## [Work order]
Return the lines of the listing below exactly as they appear, beginning at the one with "Kuntalainen palvelujen kehittäjänä." and stopping after the one with "Godrej celebrating 75"; do not include pictures.

## [Extracted entries]
----------------------------------------

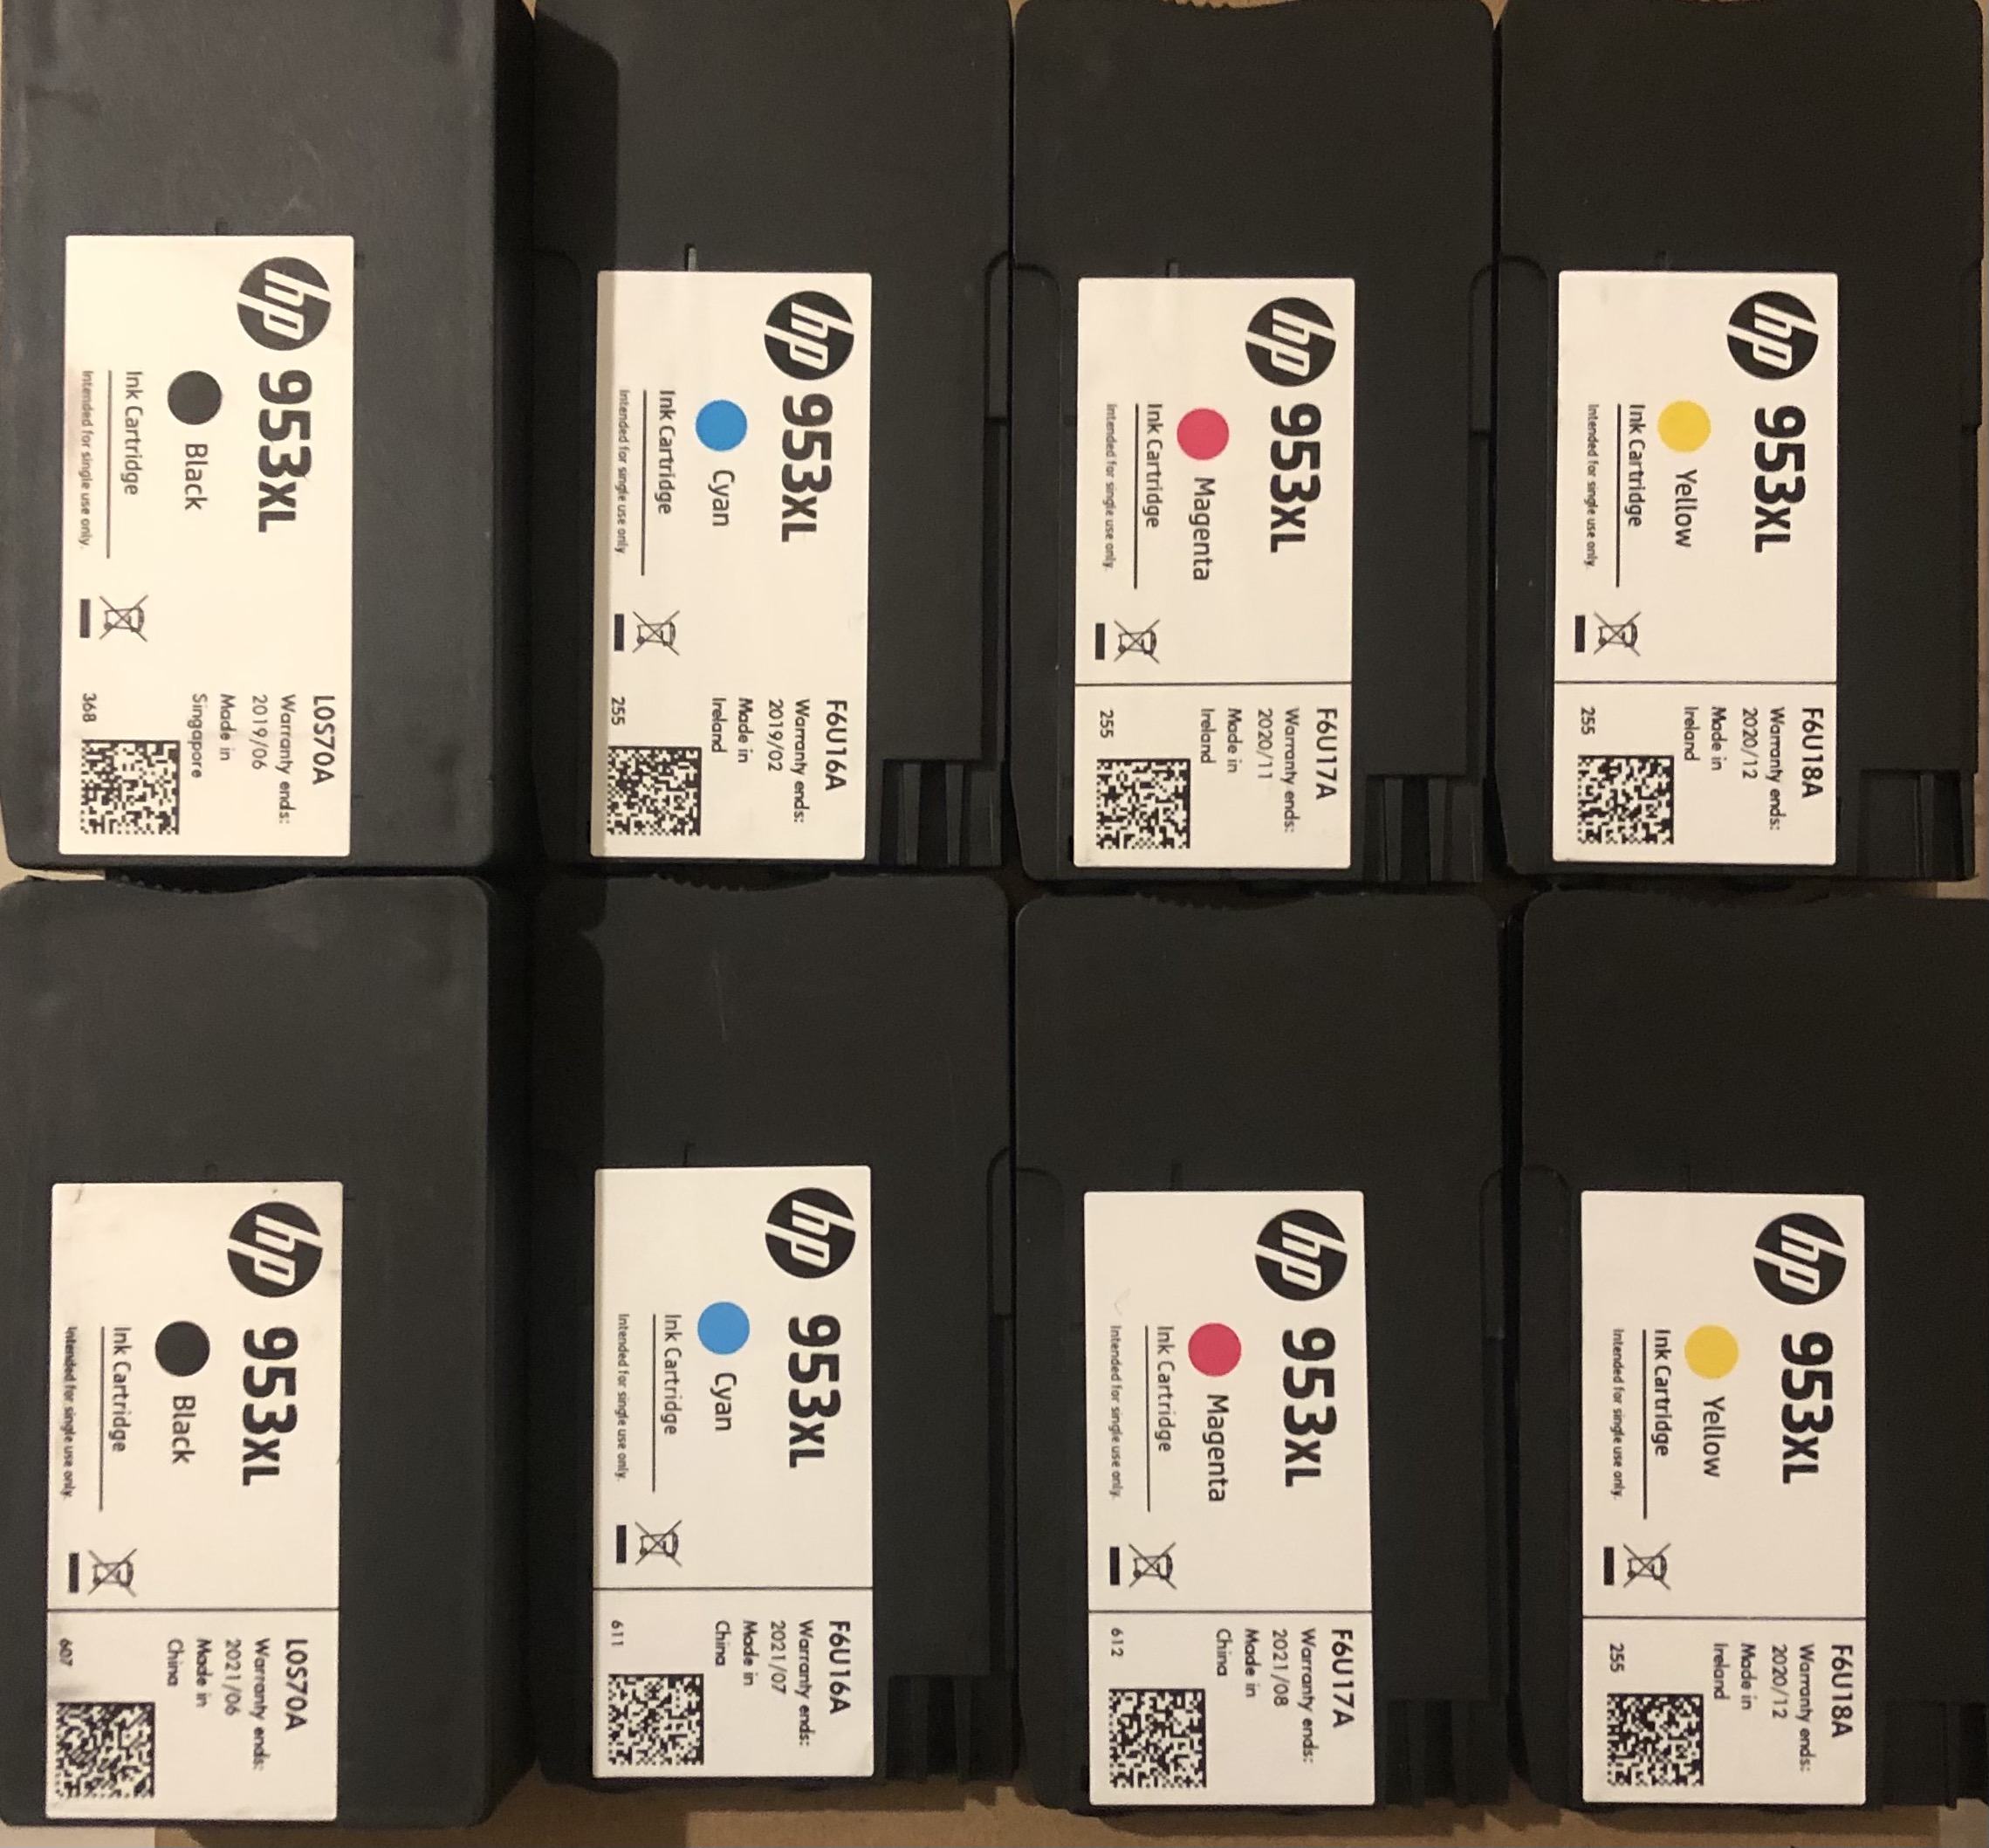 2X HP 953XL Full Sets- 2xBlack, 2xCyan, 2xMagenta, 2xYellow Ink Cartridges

----------------------------------------

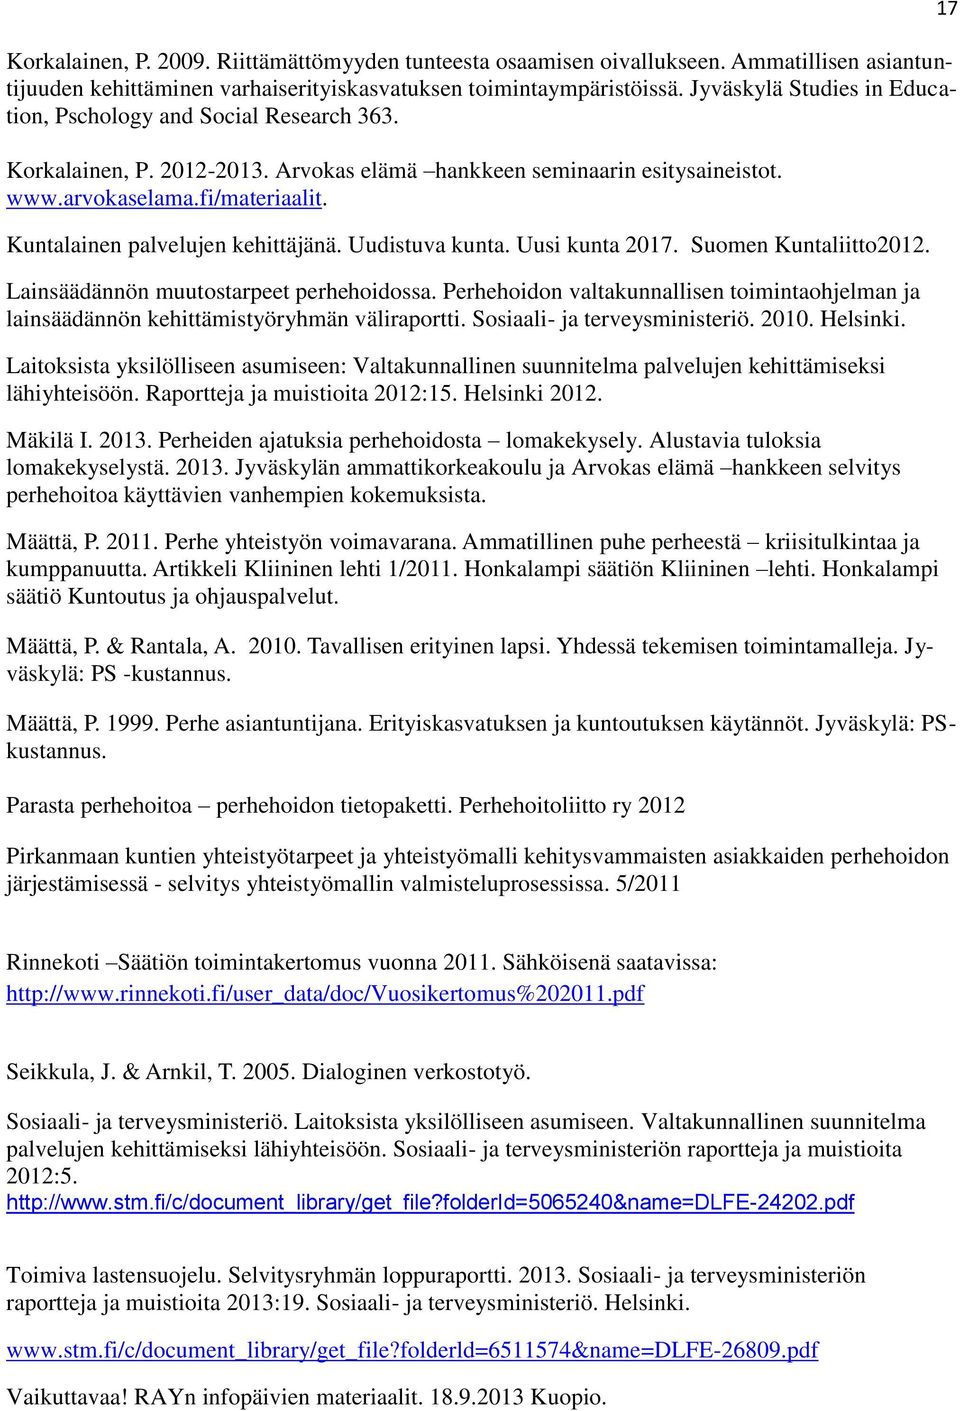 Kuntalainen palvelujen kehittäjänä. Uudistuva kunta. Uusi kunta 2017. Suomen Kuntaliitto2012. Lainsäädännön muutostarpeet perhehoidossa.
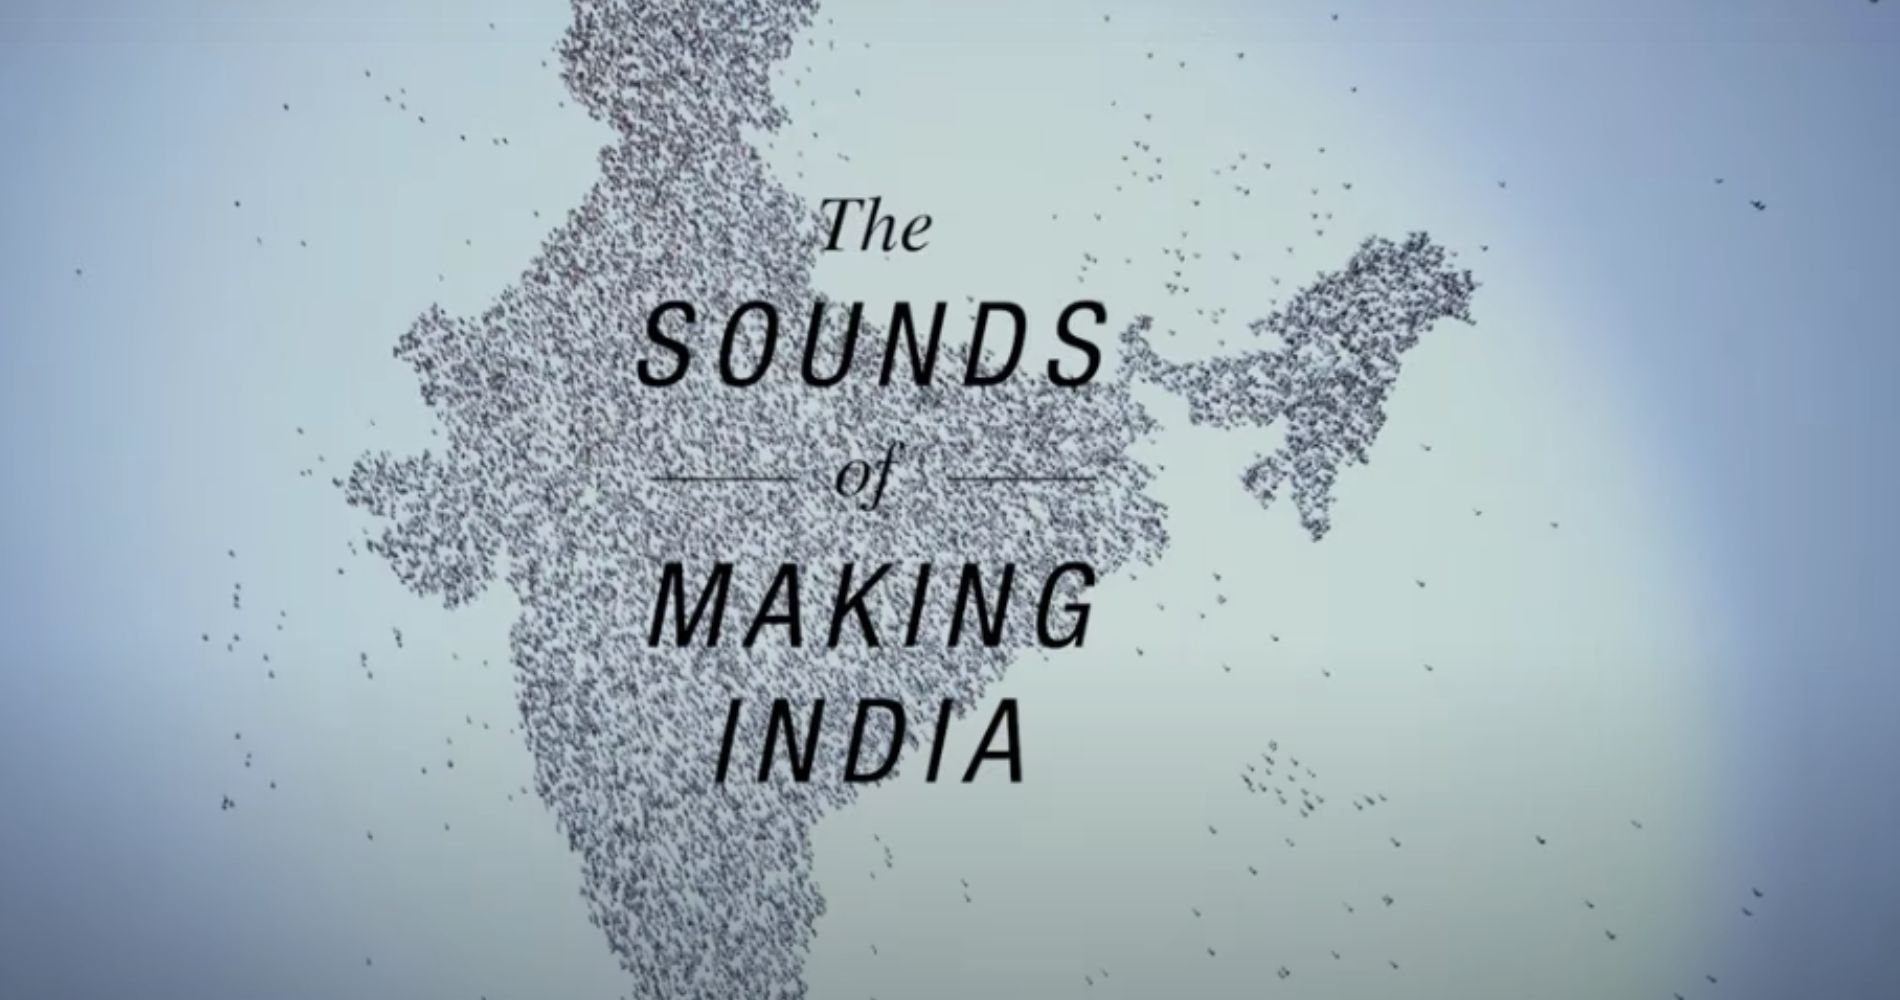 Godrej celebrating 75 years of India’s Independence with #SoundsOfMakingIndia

----------------------------------------

## [Exercise answer]
 Kuntalainen palvelujen kehittäjänä. Uudistuva kunta. Uusi kunta 2017. Suomen Kuntaliitto2012. Lainsäädännön muutostarpeet perhehoidossa.
 Godrej celebrating 75 years of India’s Independence with #SoundsOfMakingIndia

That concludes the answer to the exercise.